**WORK TASK:**
Beginning with the line that holds "Merry Christmas! - MGA", copy each line to the end of the records exactly, except the pictures.

(TASK DATA begins)

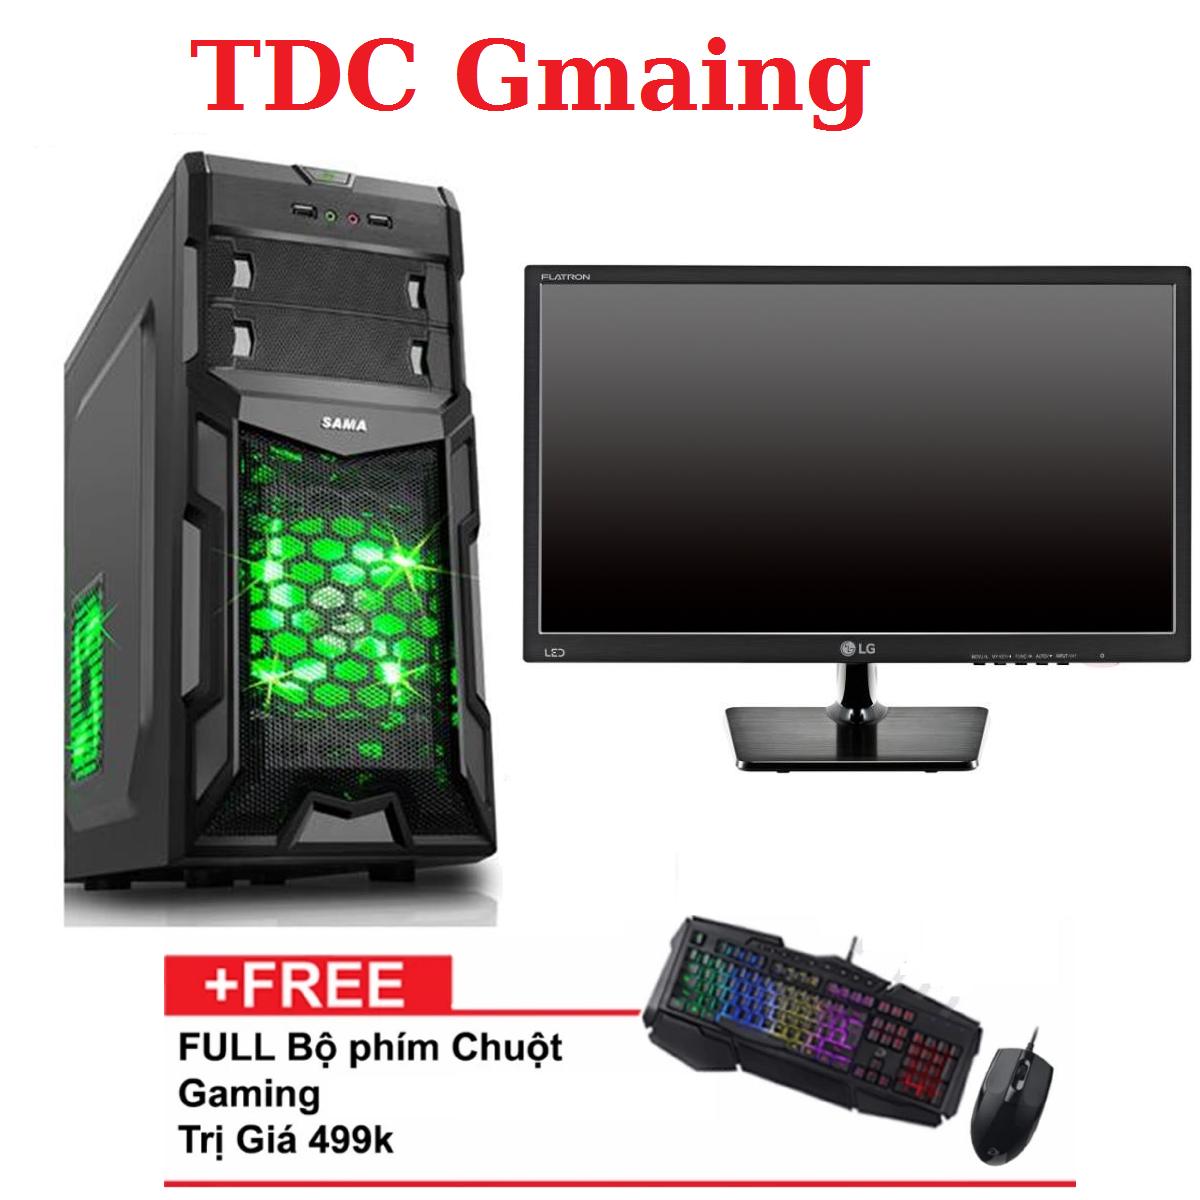 Máy tính game TDCGaming intel core i3 2100/ Ram 4gb/ Hdd 250gb , Màn hình LG 19 inch - Tặng...
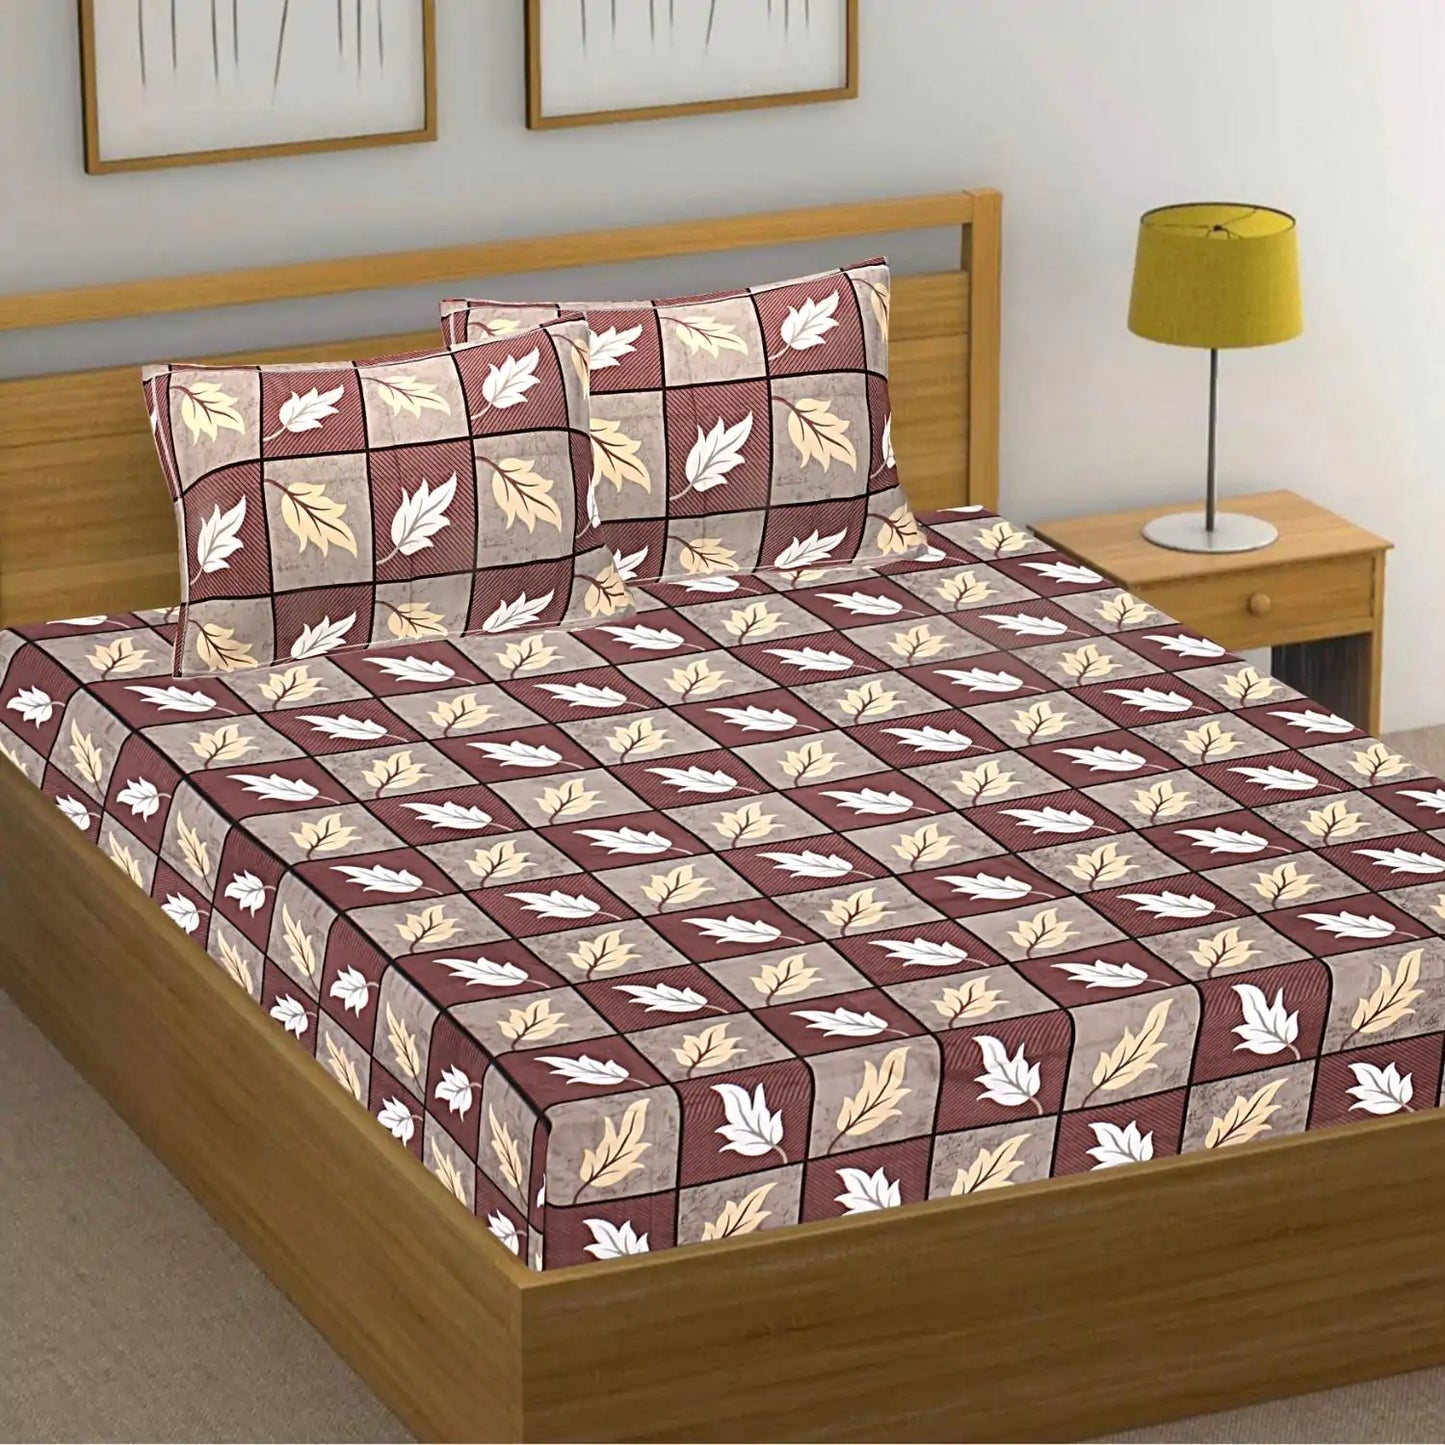 Woodblock Printed Bedsheet
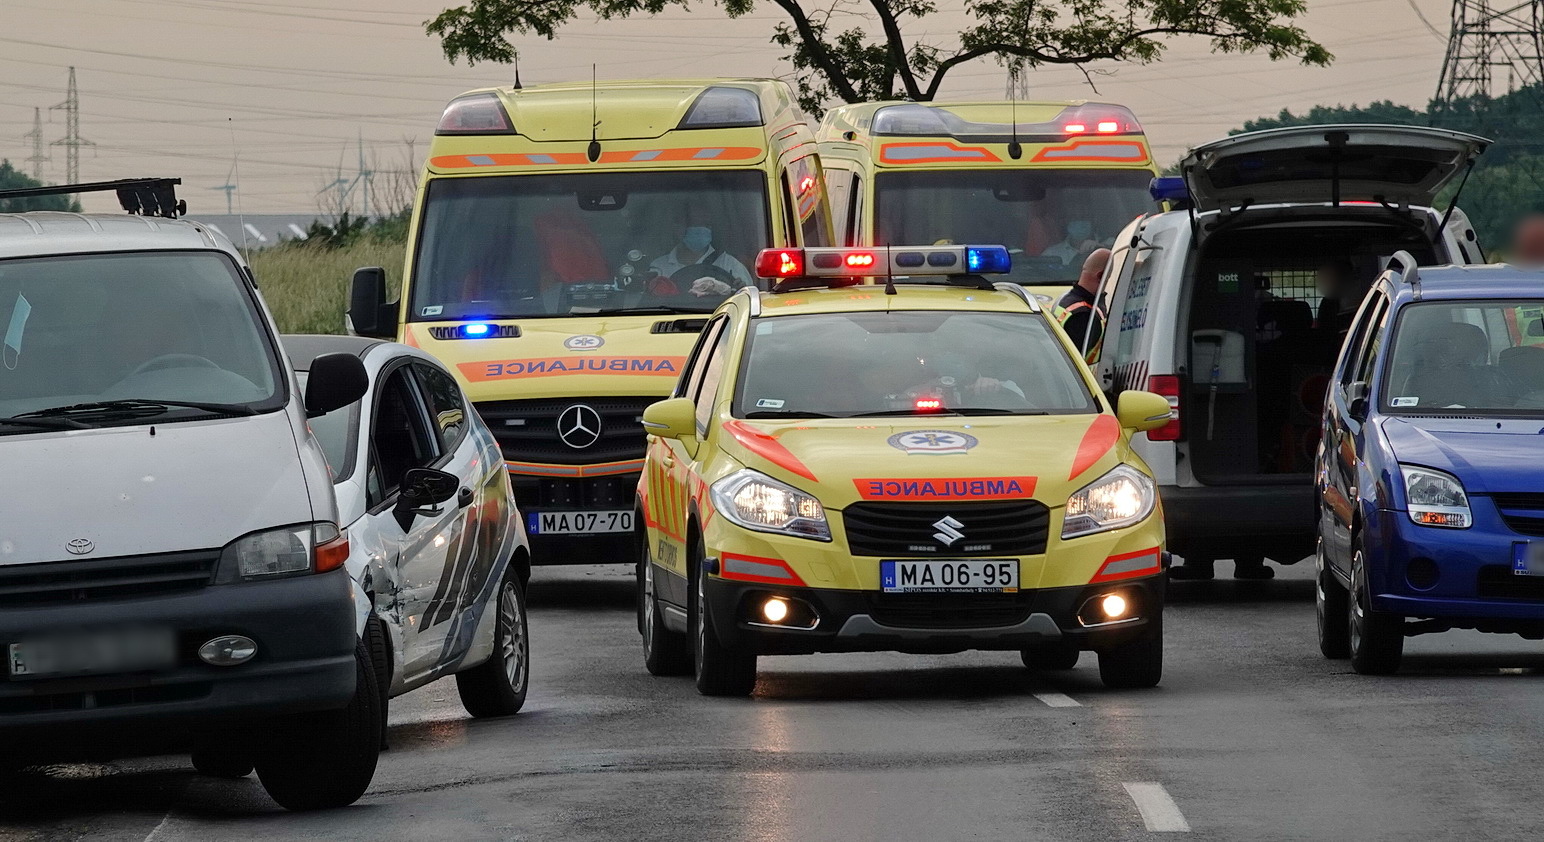 Négy autó ütközött Szombathely közelében - ittas lehetett az okozó
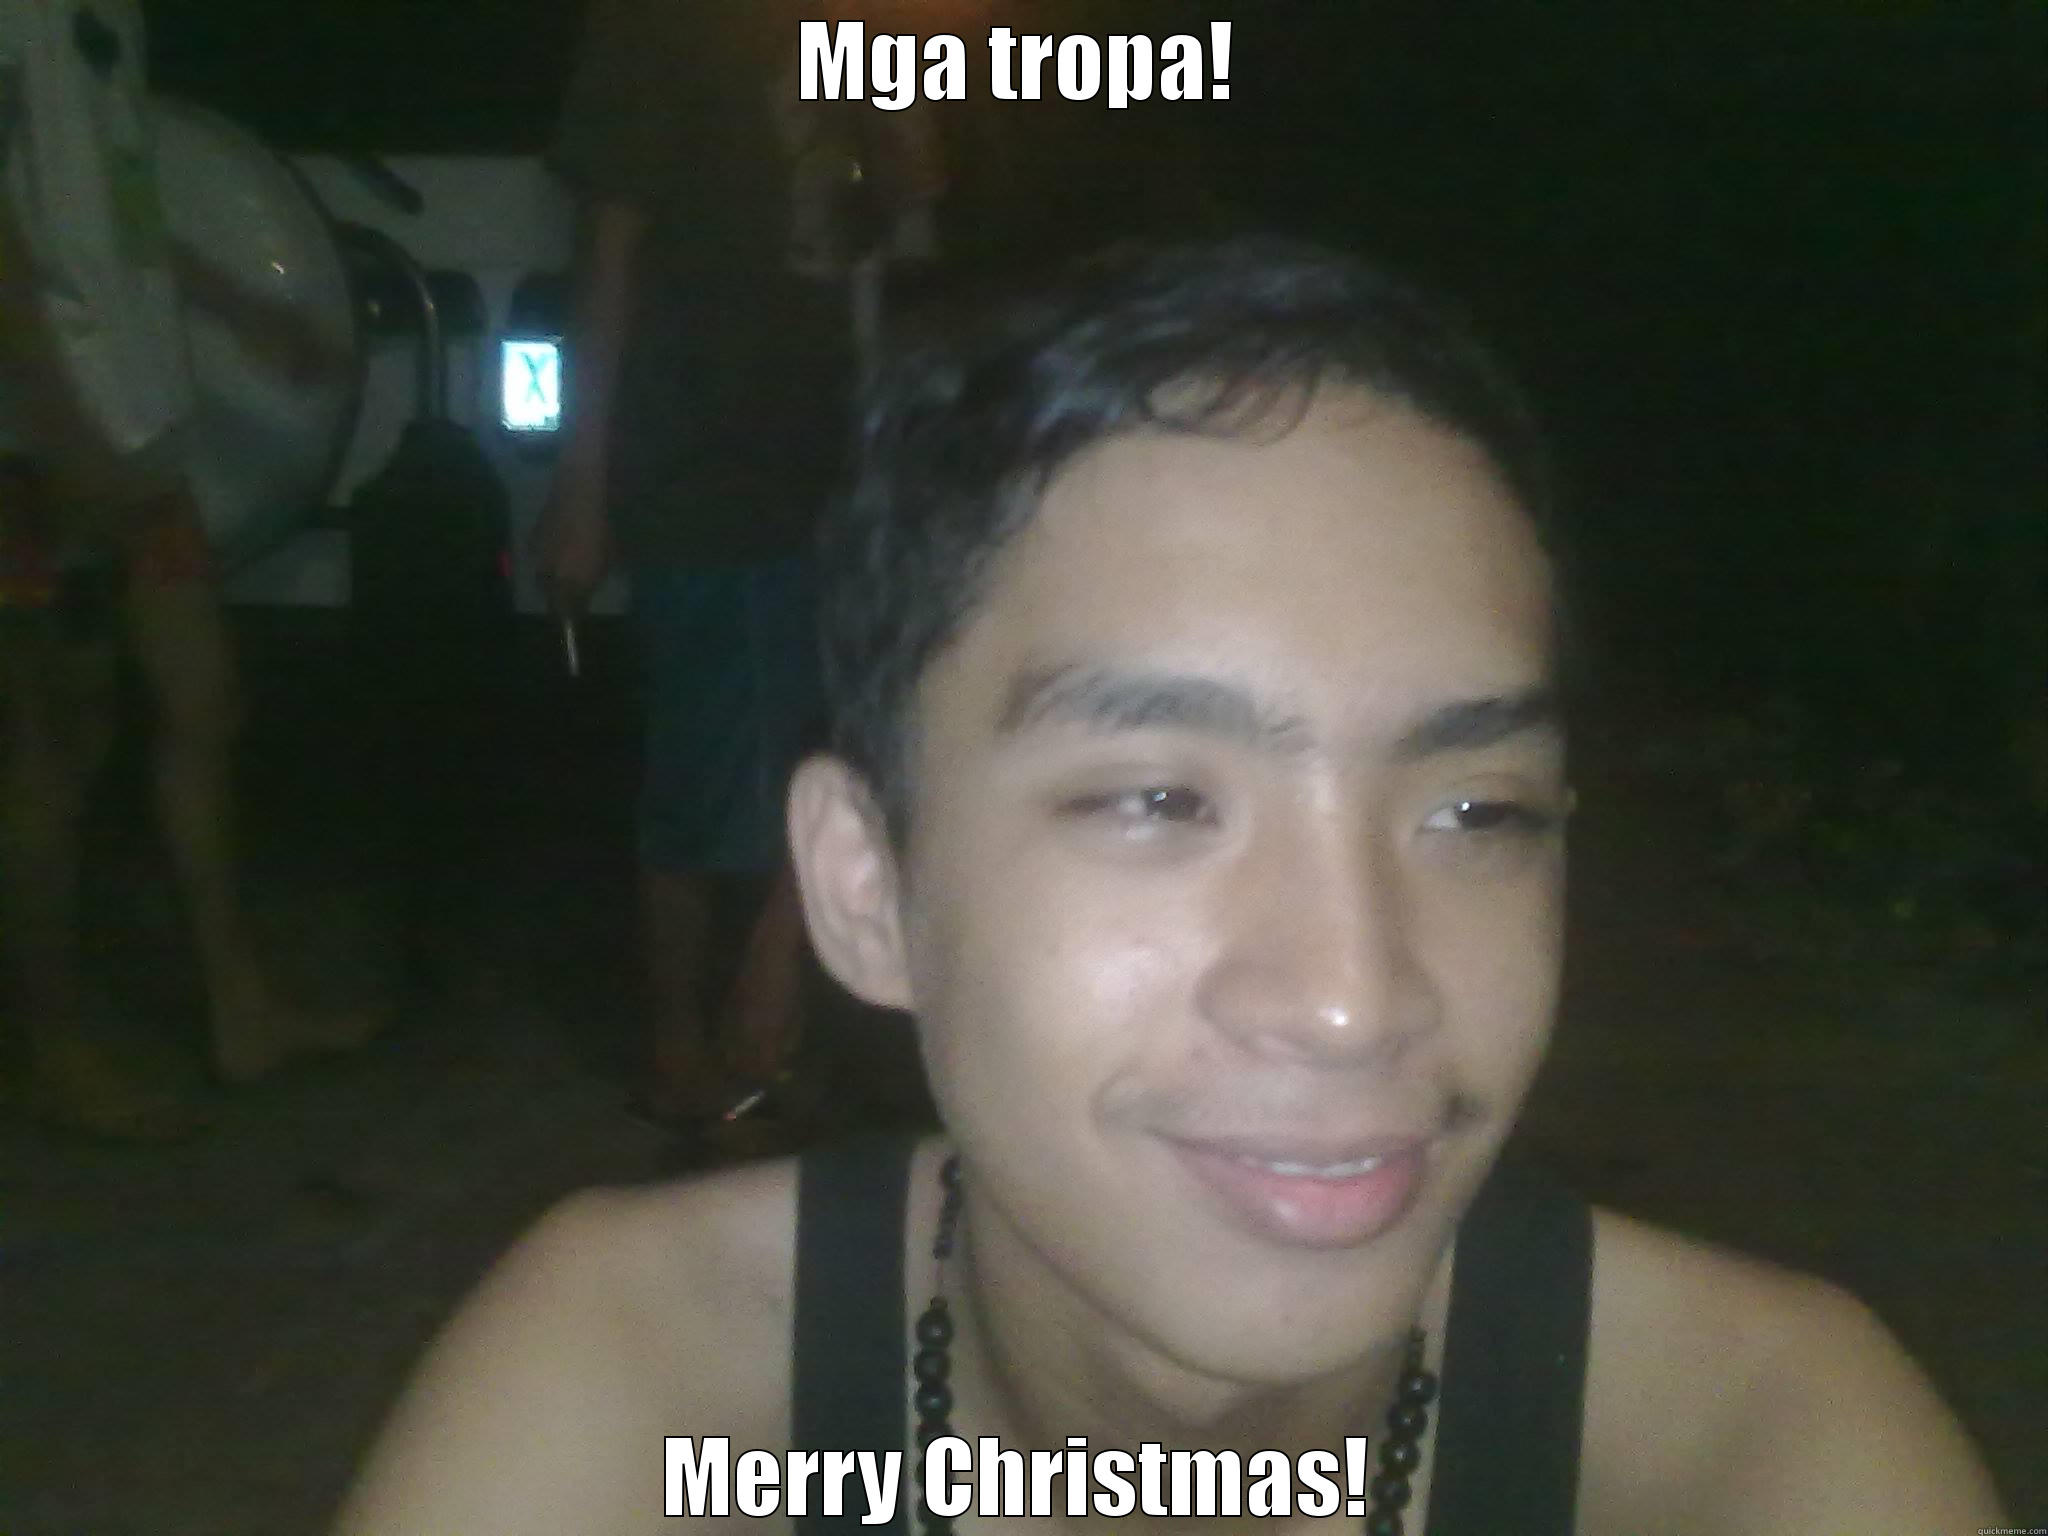 Merry Christmas! - MGA TROPA! MERRY CHRISTMAS!! Misc
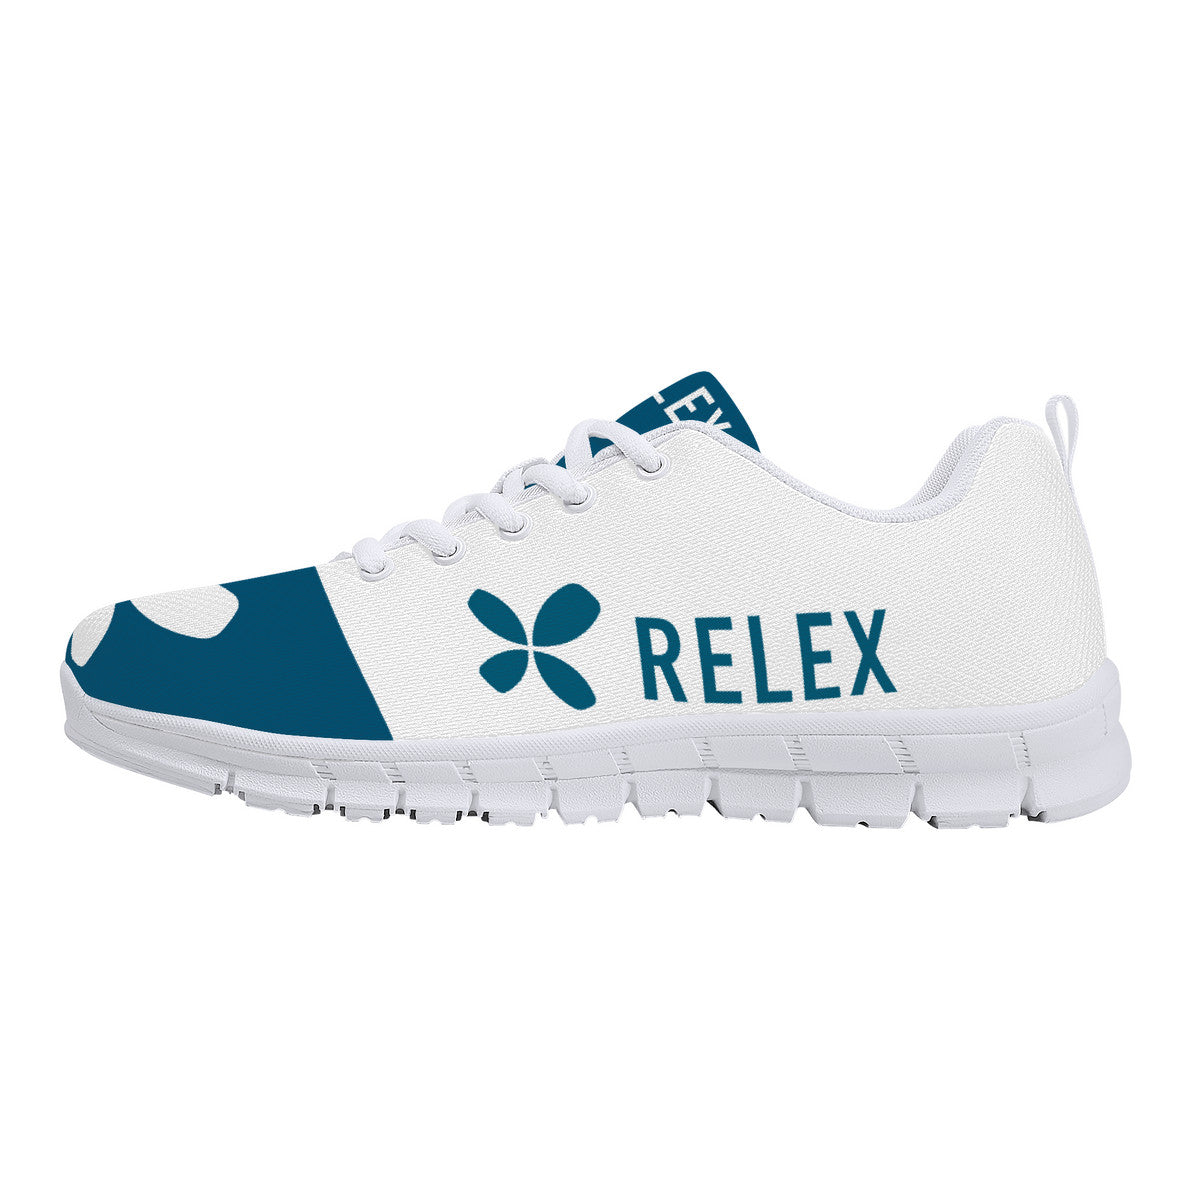 2.0 RELEX | Sneakers - White - Shoe Zero

(TASK DATA ends)

**FINAL ANSWER:**
 Merry Christmas! - MGA TROPA! MERRY CHRISTMAS!! Misc
 2.0 RELEX | Sneakers - White - Shoe Zero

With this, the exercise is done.